‘ConsTree’ is an R package providing a comprehensive, efficient suite of methods for summarizing a collection of phylogenetic trees — for example a bootstrap or Bayesian posterior sample — as a single consensus tree.
It builds on the tree and split infrastructure of ‘TreeTools’, and repackages a family of asymptotically-efficient consensus algorithms developed by Jesper Jansson and colleagues, several of which have not previously been available in R.
Consensus methods
Split-selection methods
Each method takes a list of trees (or a multiPhylo) sharing the same leaves and returns a phylo. They differ in which groupings (splits or clusters) they retain:
| Function | Retains a grouping when… |
|---|---|
Strict() |
it occurs in every tree |
Majority() / MajorityRule()
|
it occurs in > half the trees (tunable via p) |
Loose() |
no tree contradicts it (semi-strict / combinable-component) |
MajorityPlus() |
more trees display it than contradict it |
Frequency() |
it is more frequent than every grouping that conflicts with it (frequency-difference) |
Greedy() |
added greedily, most frequent first, if compatible with those already kept (extended majority-rule) |
Adams() |
constructed from the finest root-level partition shared by every tree (may introduce novel groupings; rooted) |
Local() |
based on rooted triplets shared by every tree (minimum rooted/induced local consensus; ≤ 20 leaves) |
RStar() |
each rooted triplet grouping that wins a plurality against each alternative separately |
Distance and branch-length summaries
A second family summarizes the trees through a distance or treespace criterion rather than by selecting groupings:
| Function | Summary |
|---|---|
Average() |
the tree best fitting the mean path-length (patristic) distances of the inputs |
Quartet() |
an approximate median minimizing the total quartet distance to the inputs; often more resolved than majority-rule |
BHVMean() |
the Fréchet mean tree in Billera–Holmes–Vogtmann treespace, with branch lengths; BHVDistance(), BHVPairwiseDistances() and BHVVariance() provide the supporting geodesic distances and dispersion |
Usage
library("ConsTree")
trees <- ape::as.phylo(1:100, 8) # 100 eight-leaf trees
Strict(trees) # most conservative
Majority(trees) # the familiar 50% majority-rule tree
Loose(trees) # everything not actively contradicted
Frequency(trees) # frequency-difference: often more resolved than majority
Greedy(trees) # most resolved of the split-based summariesInstallation
Install the development version from GitHub:
if (!require("remotes")) install.packages("remotes")

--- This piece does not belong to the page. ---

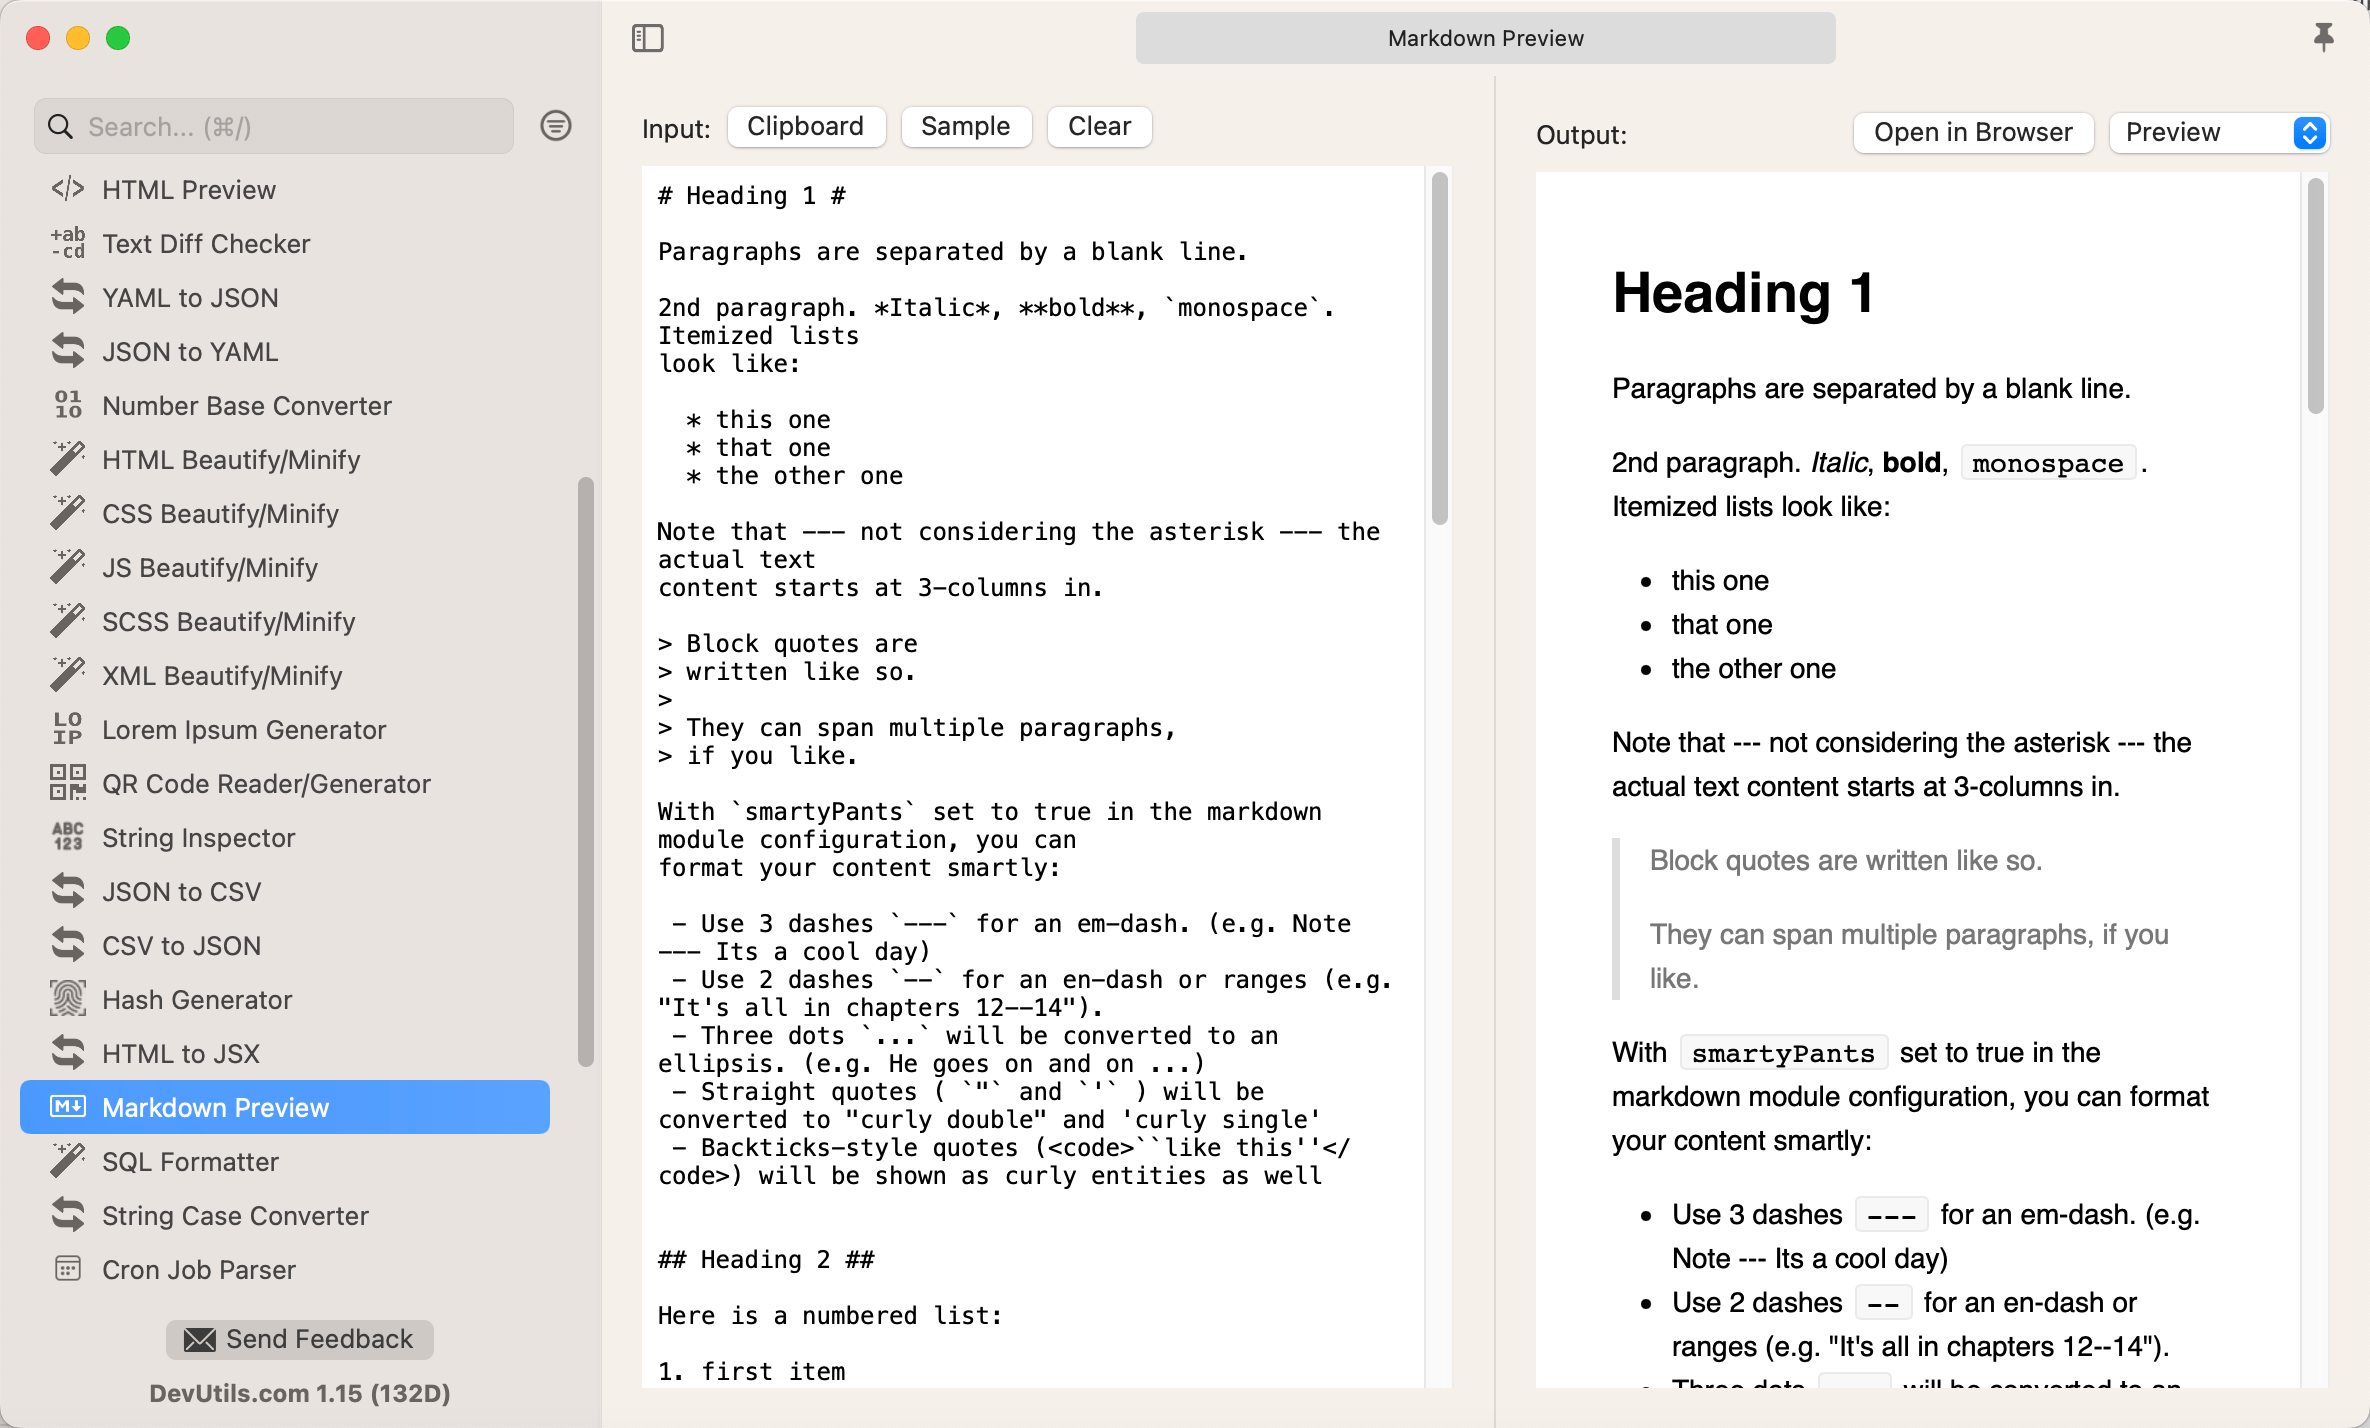 Markdown Preview macOS app

remotes::install_github("ms609/ConsTree")‘ConsTree’ is not yet on CRAN.
Relationship to other packages
‘ConsTree’ is the front-end consensus toolkit for the TreeTools ecosystem, which also includes ‘TreeDist’ (tree distances and information-theoretic consensus) and ‘TreeSearch’ (phylogenetic search). TreeTools itself remains the fast engine for the strict and majority-rule consensus, which ‘ConsTree’ exposes through consistently-named wrappers.

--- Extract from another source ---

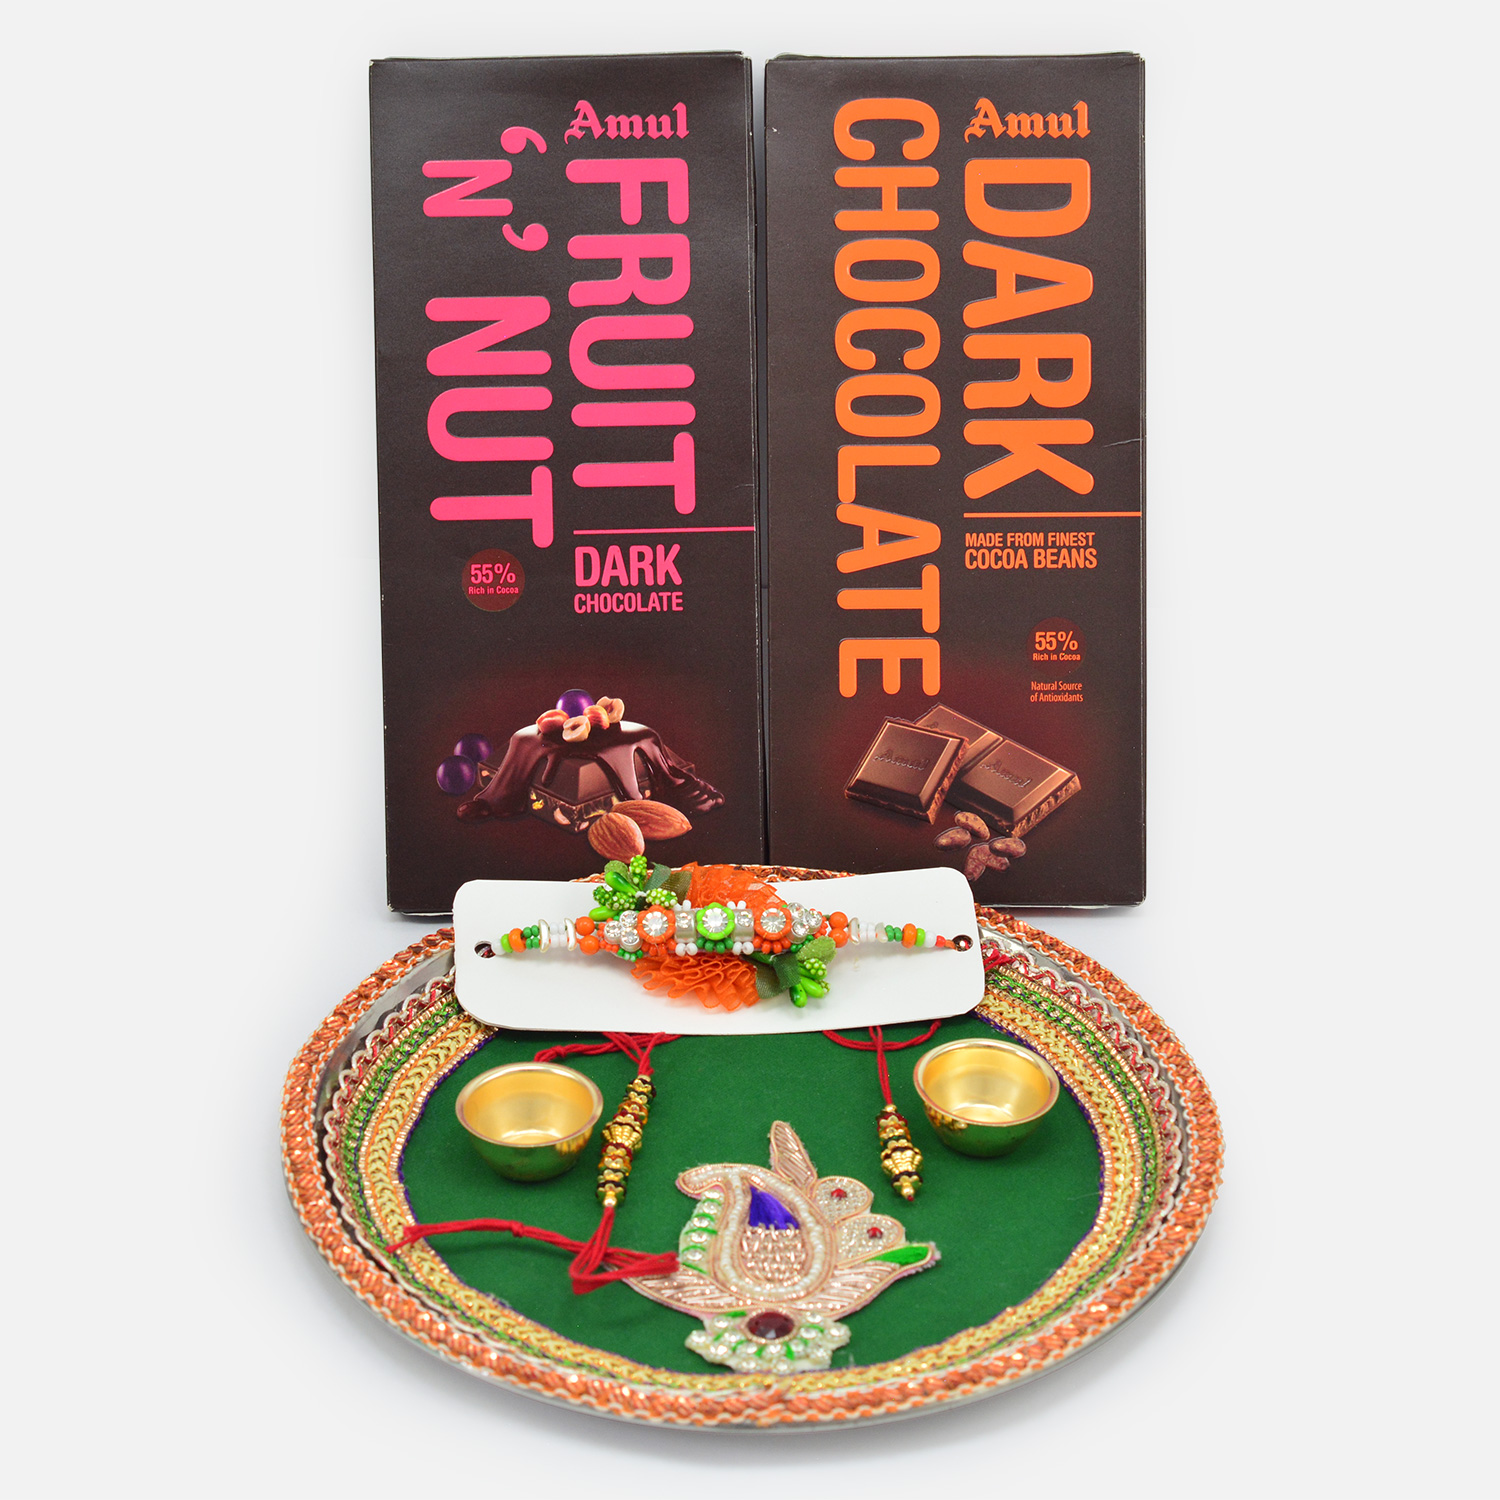 Amul Dark Chocolate and Fruit and Nut Chocolates with Rakhis along with Green Base Puja Thali

‘TreeDist’ also offers a complementary summary that ‘ConsTree’ does not duplicate: the tree from a sample that has the lowest median clustering-information distance (CID) to the others — a single representative of the sample rather than a constructed consensus.
The quartet machinery underlying Quartet() builds on the ‘Quartet’ package, which counts the resolved- and shared-quartet statistics between trees; and the BHV summaries relate to ‘distory’, which computes geodesic distances in the same treespace.

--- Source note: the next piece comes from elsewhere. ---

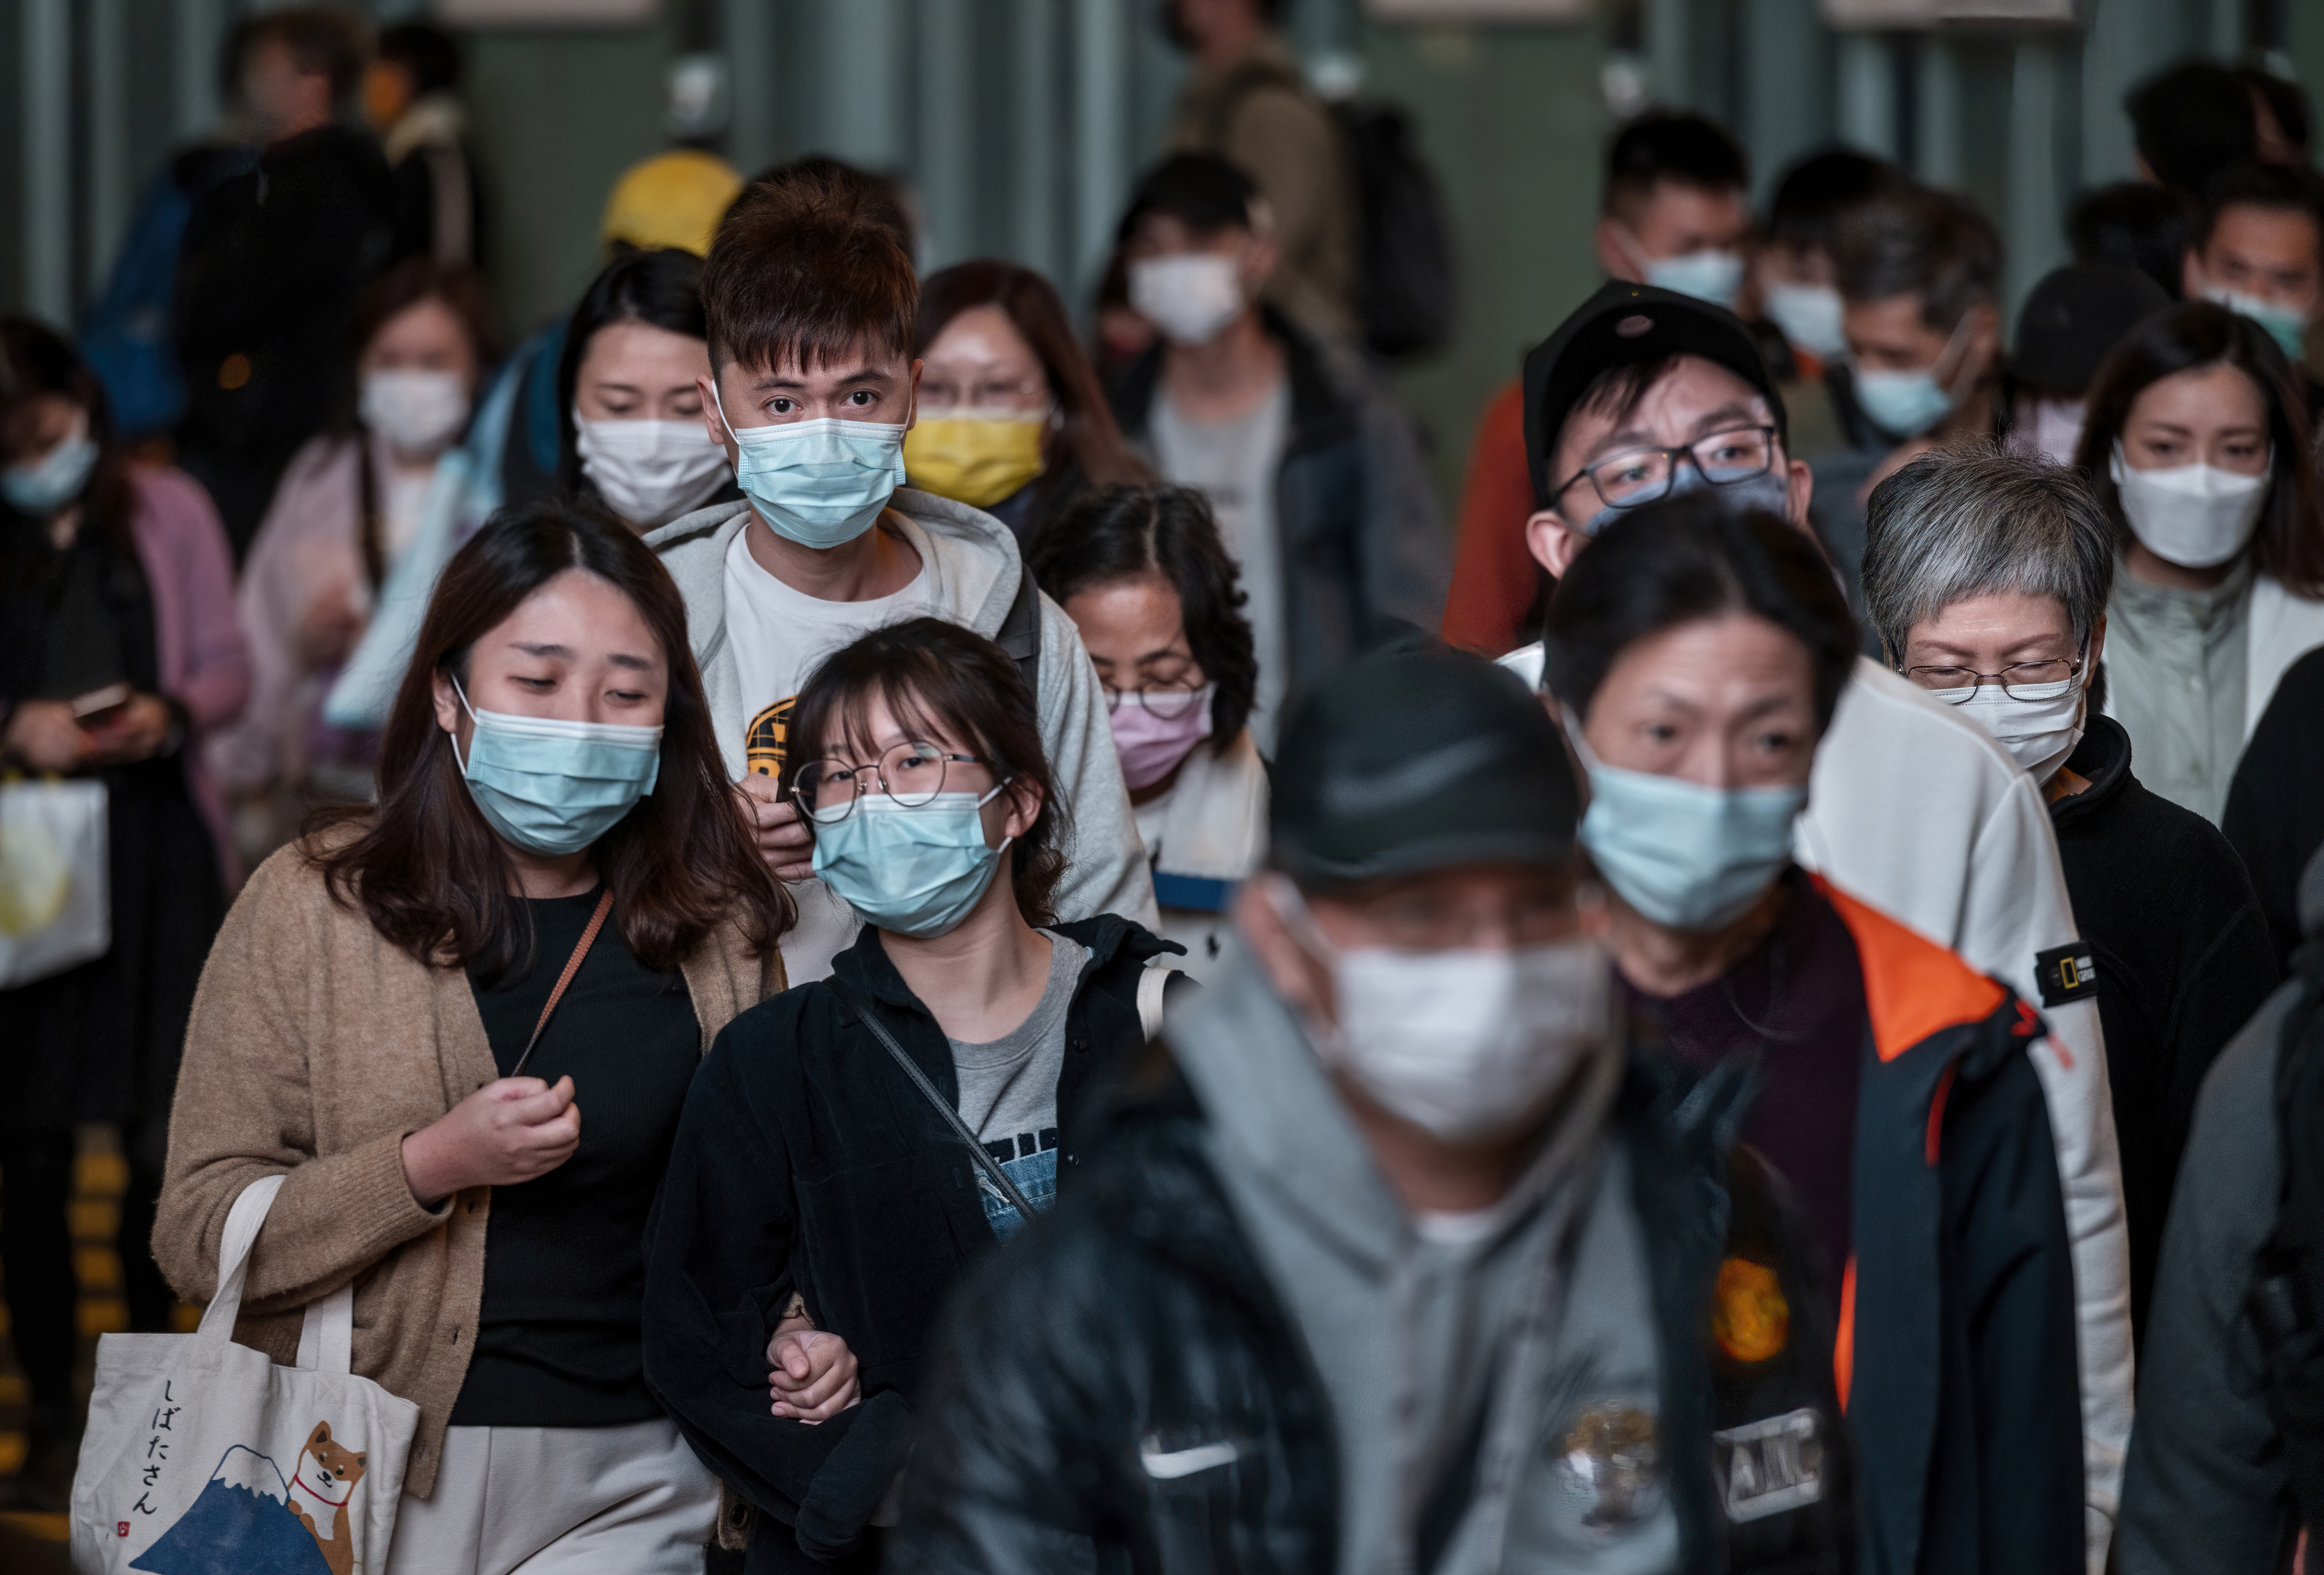 A crowd of people are seen wearing face masks as a measure to prevent the spread of the coronavirus as they walk through the zebra crossing in Hong Kong, China, on December 12, 2021.

The ‘Rogue’ package identifies unstable (‘rogue’) leaves whose removal can improve the resolution and support of a consensus tree; dropping rogues before summarizing with ‘ConsTree’ often yields a better-resolved result.
Citation and attribution
The algorithms repackaged here originate in the FACT, FACT2 and FDCT prototypes of Jesper Jansson and colleagues, incorporated with permission; see inst/REFERENCES.bib for the source papers, and DESCRIPTION for copyright attribution. ‘ConsTree’ is released under GPL (≥ 3).
Please note that this project is released with a Contributor Code of Conduct. By contributing, you agree to abide by its terms.